Bug 62355

Summary: Unsplit packages to conform Jigsaw (Java 9) module standard
Product: POI Reporter: Andreas Beeker <kiwiwings>
Component: POI OverallAssignee: POI Developers List <dev>
Status: RESOLVED FIXED    
Severity: normal    
Priority: P2    
Version: 4.0.x-dev   
Target Milestone: ---   
Hardware: All   
OS: All   
Bug Depends on:    
Bug Blocks: 60427, 62151    
Attachments: Files with more than just import changes
Files with only changed imports
Open up HPSF classes, because package injection doesn't work in Jigsaw

Description Andreas Beeker 2018-05-06 09:18:36 UTC
Currently it's not possible to include POI as an automatic module [3], i.e. users can't use module-info to depend on POI [1][2].

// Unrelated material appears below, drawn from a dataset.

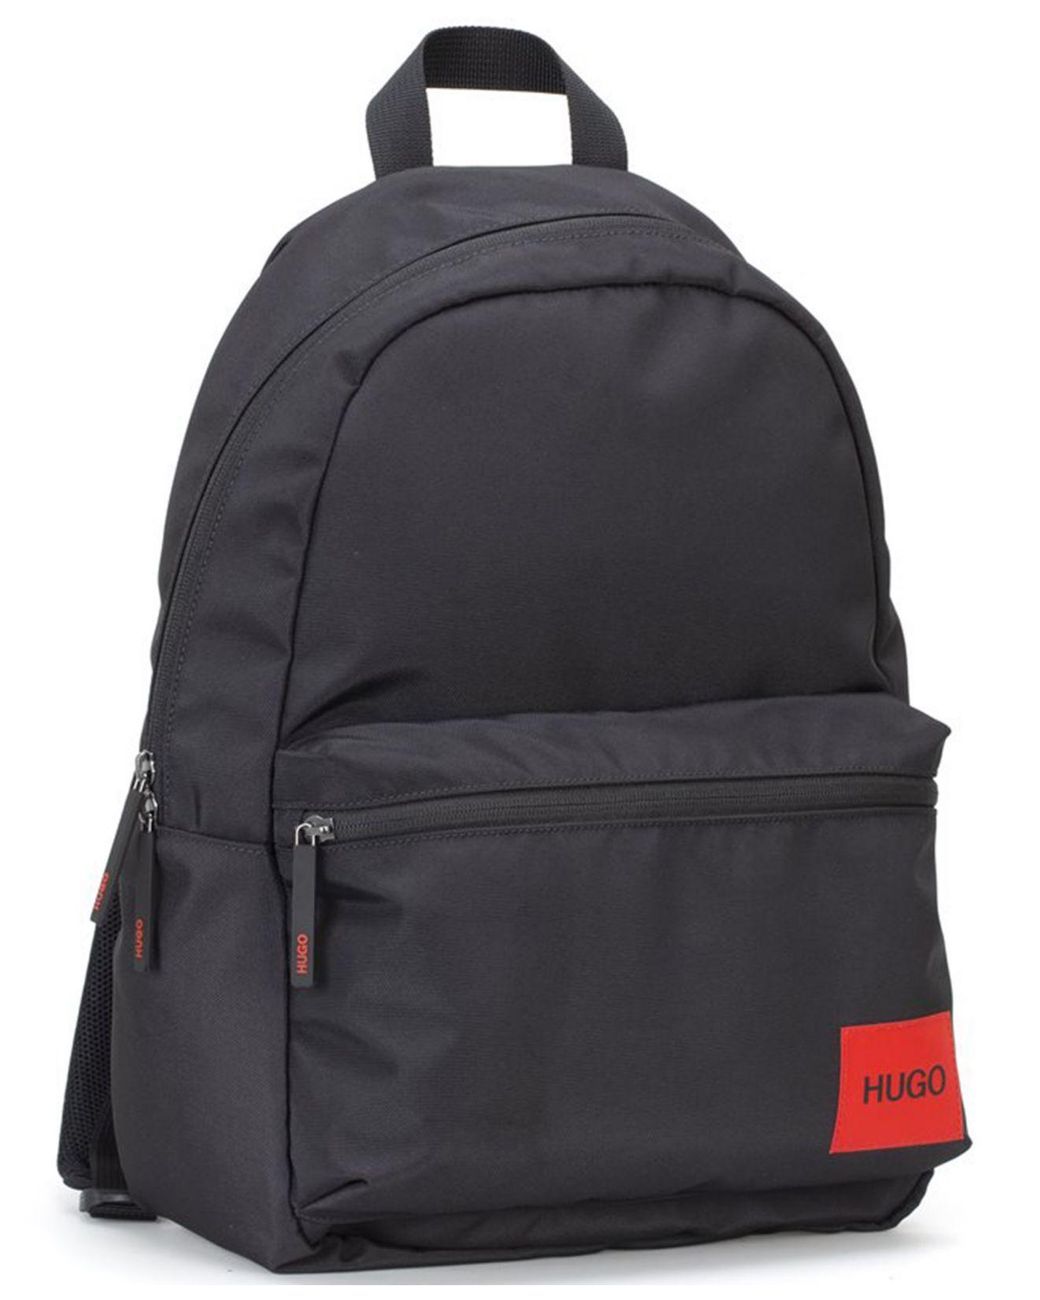 BOSS by HUGO BOSS Synthetic Ethon Responsible Nylon Backpack in Black for  Men - Lyst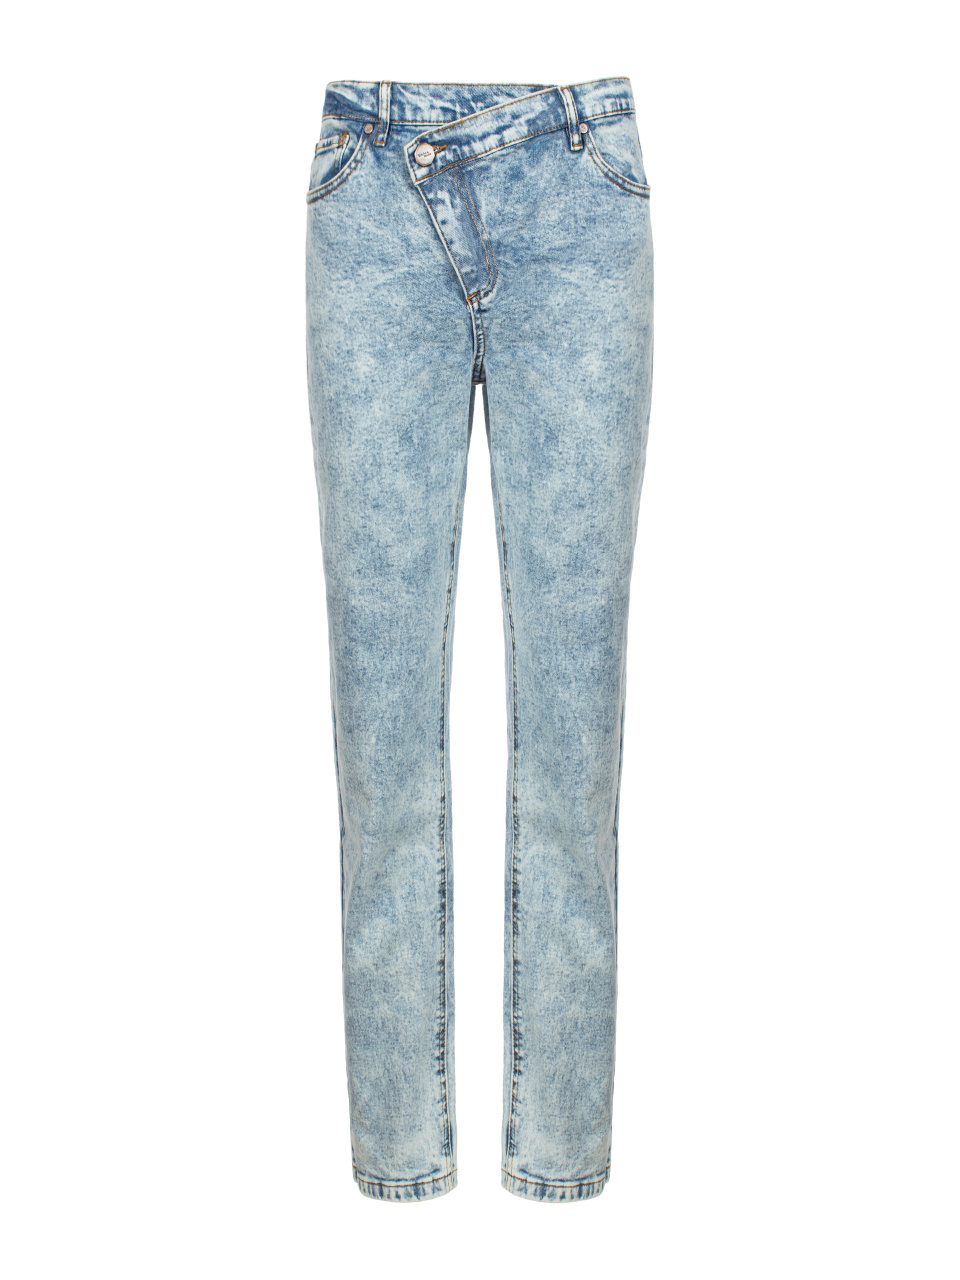 Голубые вареные джинсы с асимметричной застежкой, 1

Although a real module would be nice, we should at least unsplit the packages.

I'm currently working on it and would like to provide it in 4.0.0.
Of course there will be breaking changes, but mostly in some base classes, which I guess, users code would hardly use.


[1] http://poi.apache.org/faq.html#faq-N102B0
[2] https://stackoverflow.com/questions/44463552
[3] http://blog.joda.org/2017/05/java-se-9-jpms-automatic-modules.html
Comment 1 Andreas Beeker 2018-05-07 21:42:58 UTC
Find attached three patches to be reviewed.
I've split them up, so reviewing is easier - i.e. basically you need to look at 
the *changes*-patch.

I had to find a few compromises, especially with using OOXML classes in Main 
packages.
Furthermore I've unified the extractor classes to stay in "extractor" or 
"ooxml/extractor"
and opened the HPSF classes, as it's not possible to inject a class in a 
foreign package namespace anymore.

I'm using an non-committed version of the POI-Visualizer to test the changes, 
which is now converted (mostly) to Java9.
In case you want to test the Java 9 automatic module, I can provide you with a 
branch.
Comment 2 Andreas Beeker 2018-05-07 21:43:01 UTC
Created attachment 35916 [details]
Files with more than just import changes
Comment 3 Andreas Beeker 2018-05-07 21:43:05 UTC
Created attachment 35917 [details]
Files with only changed imports
Comment 4 Andreas Beeker 2018-05-07 21:43:08 UTC
Created attachment 35918 [details]
Open up HPSF classes, because package injection doesn't work in Jigsaw
Comment 5 Nick Burch 2018-05-14 15:10:14 UTC
This does seem to have a lot of breaking changes for users, for something which I'm not sure many people are using (and which has had a very mixed response at best), and which either needs us to move everything to Java 9, or potentially breaks loads of tools including Android ones 

What if we just produced one additional jar, poi-all-java9, which has all the classes from the different jars "smooshed" in together, along with a proper module-info file? We'd then just need to make a smaller number of changes for things like the package injection (and any other Java 9/10 fixes, if there are any?), but would be able to properly detail what we export / what we use / etc. 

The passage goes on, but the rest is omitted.